Task item: Once the images are set aside, output the listing exactly as it stands.

Data extract:
● ● ● ● ●

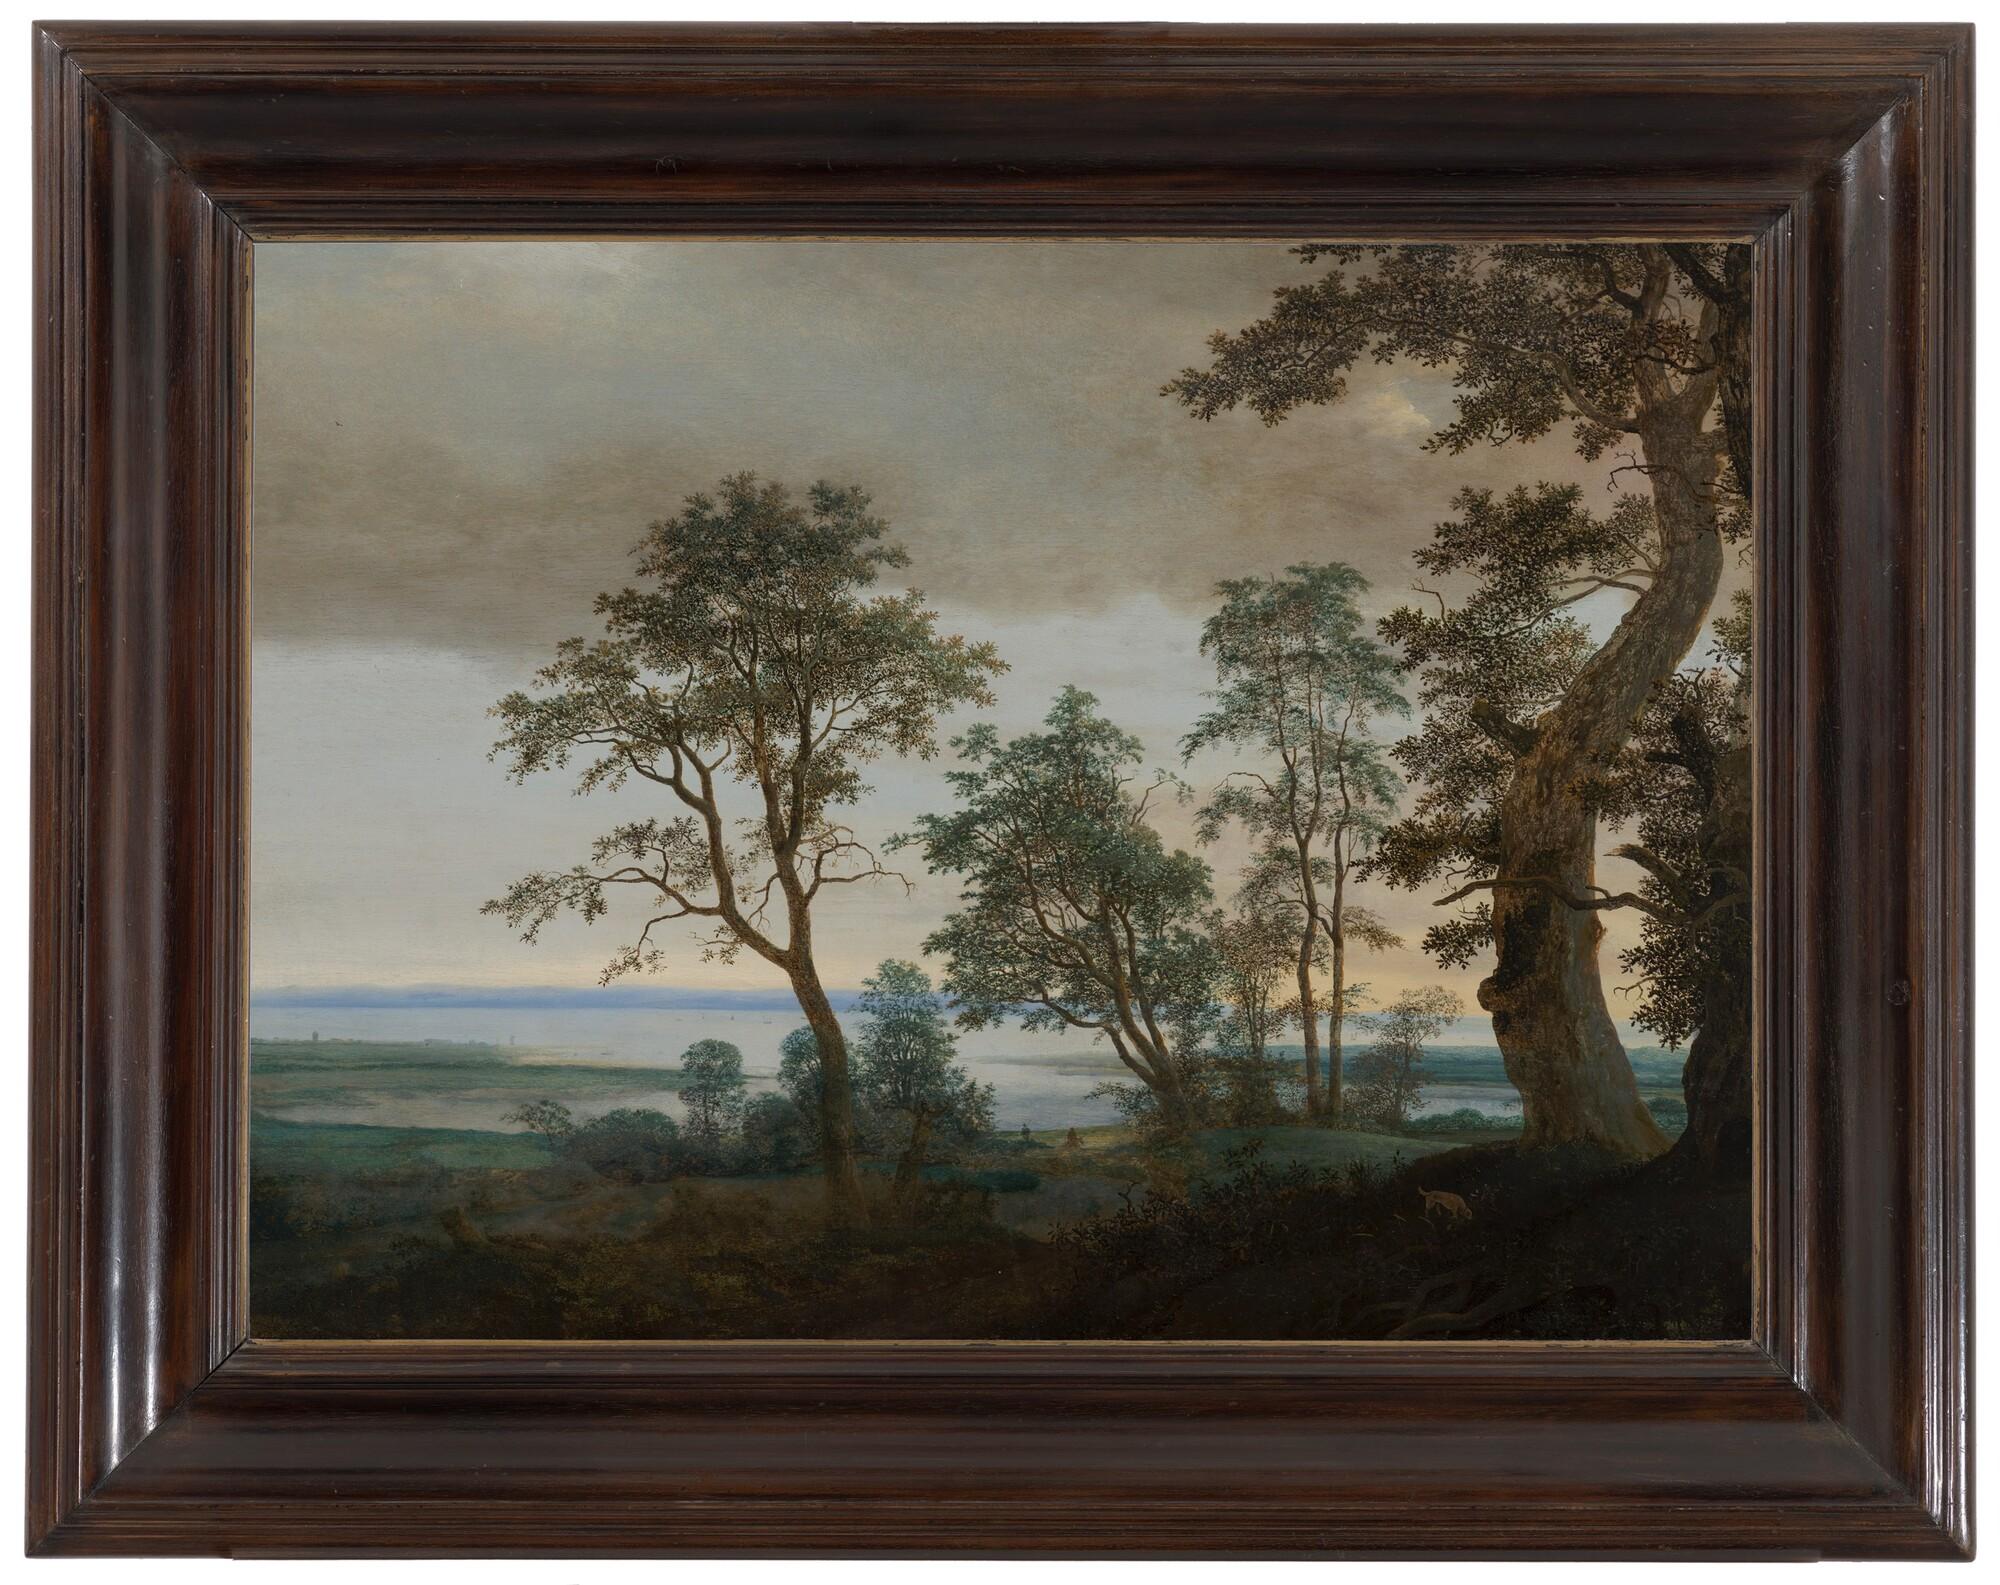 Flusslandschaft mit Bäumen - Cornelis Vroom, um 1638
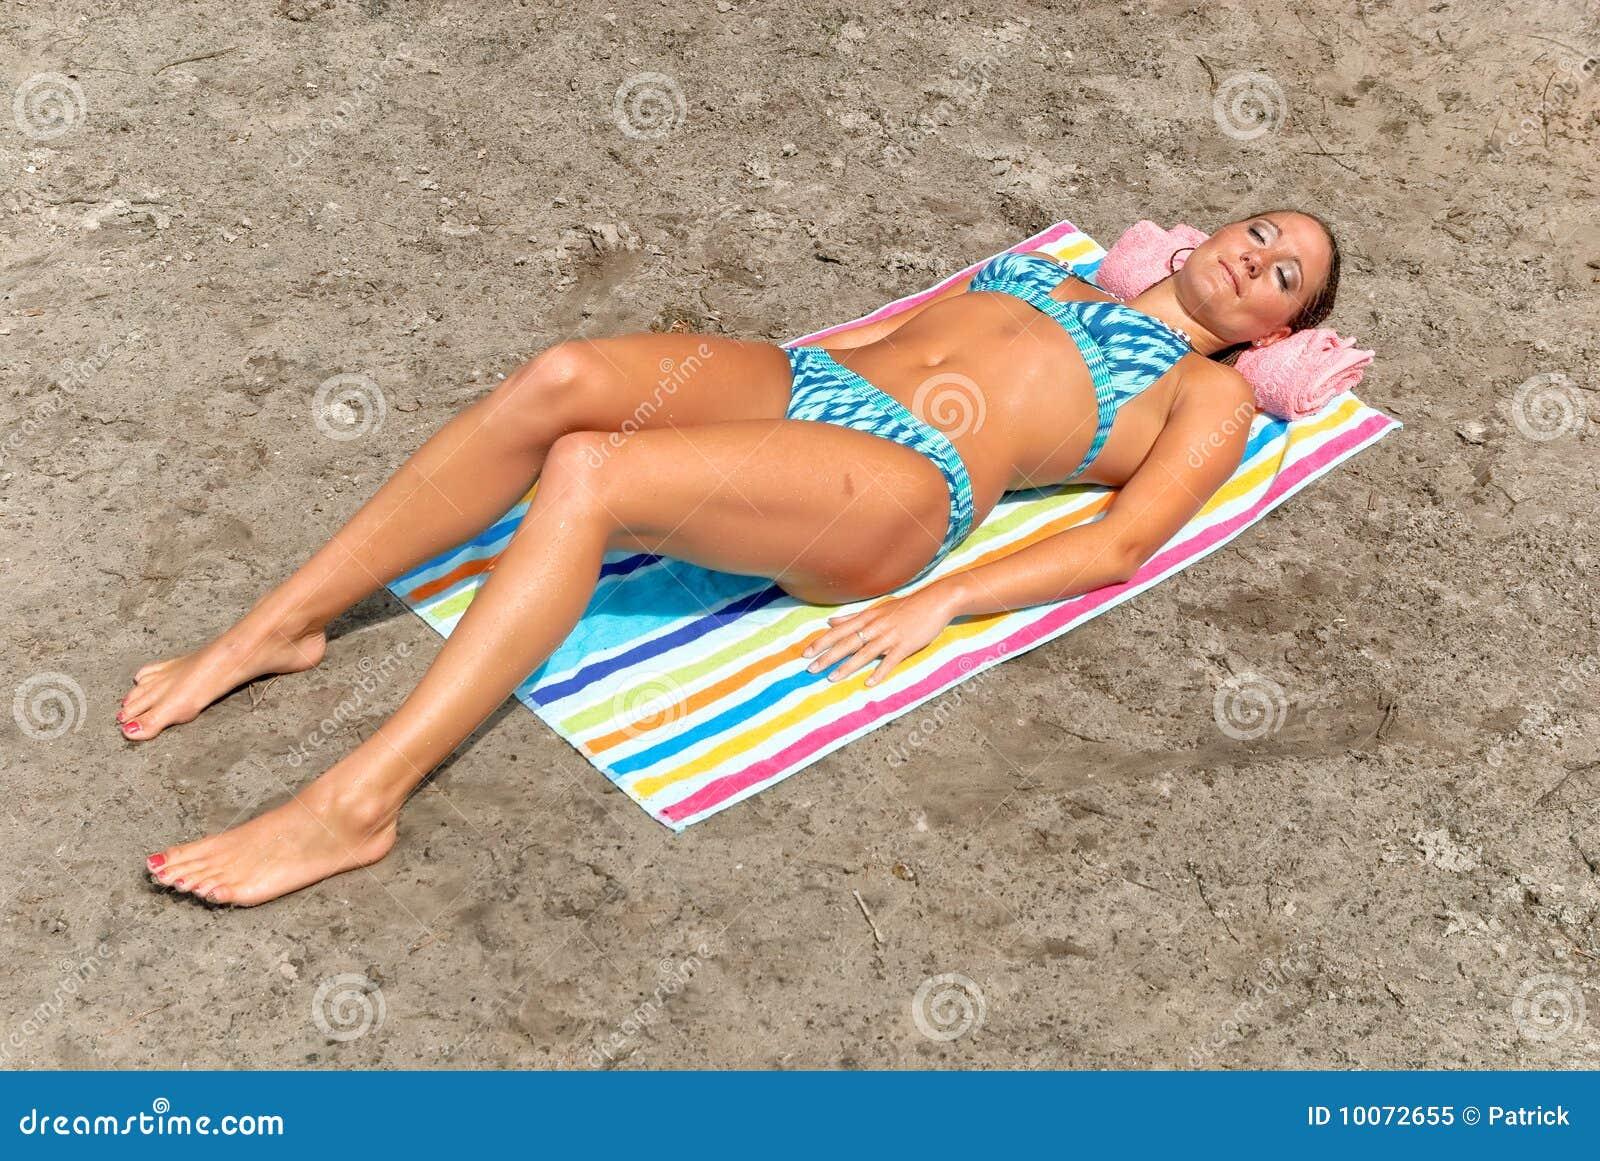 Teen beach sunbathing
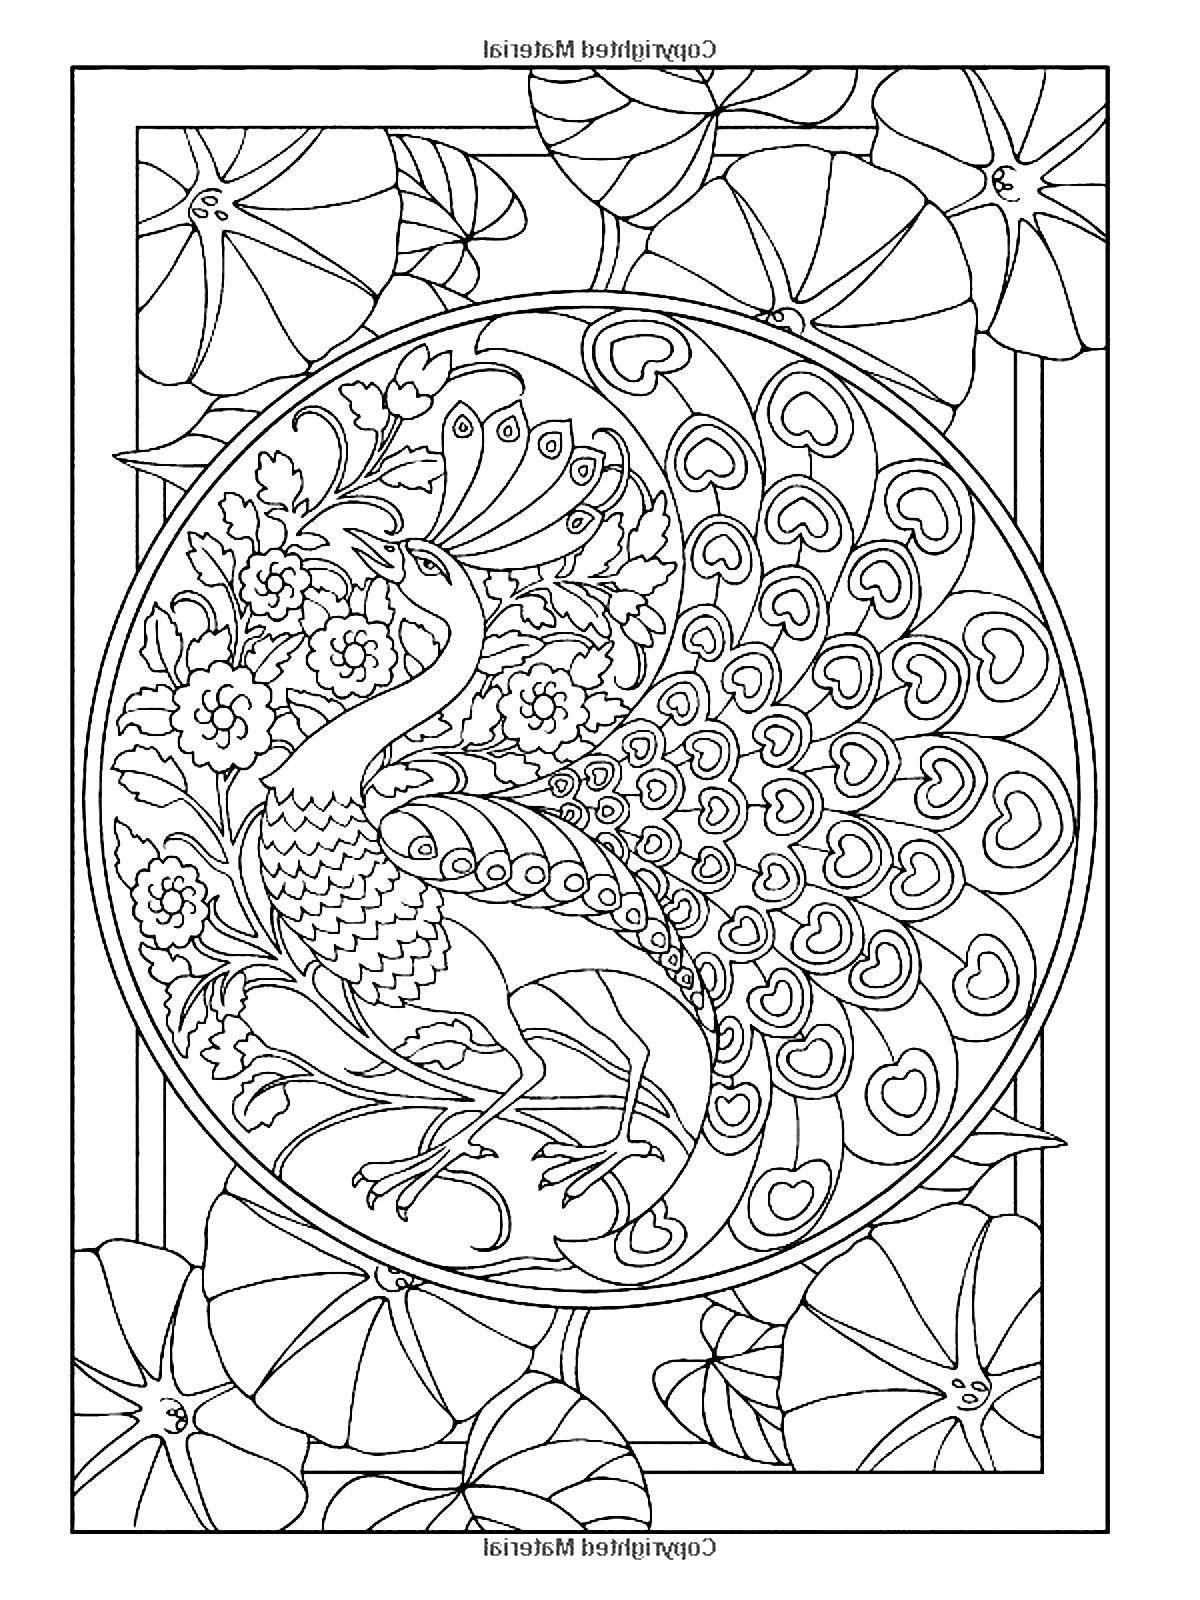 free printable peackoxk mosaic art coloring pages | Free coloring page «coloring-adult-art-nouveau-style ...

● ● ● ● ●

Answer space:
 Flusslandschaft mit Bäumen - Cornelis Vroom, um 1638
 Teen beach sunbathing
 free printable peackoxk mosaic art coloring pages | Free coloring page «coloring-adult-art-nouveau-style ...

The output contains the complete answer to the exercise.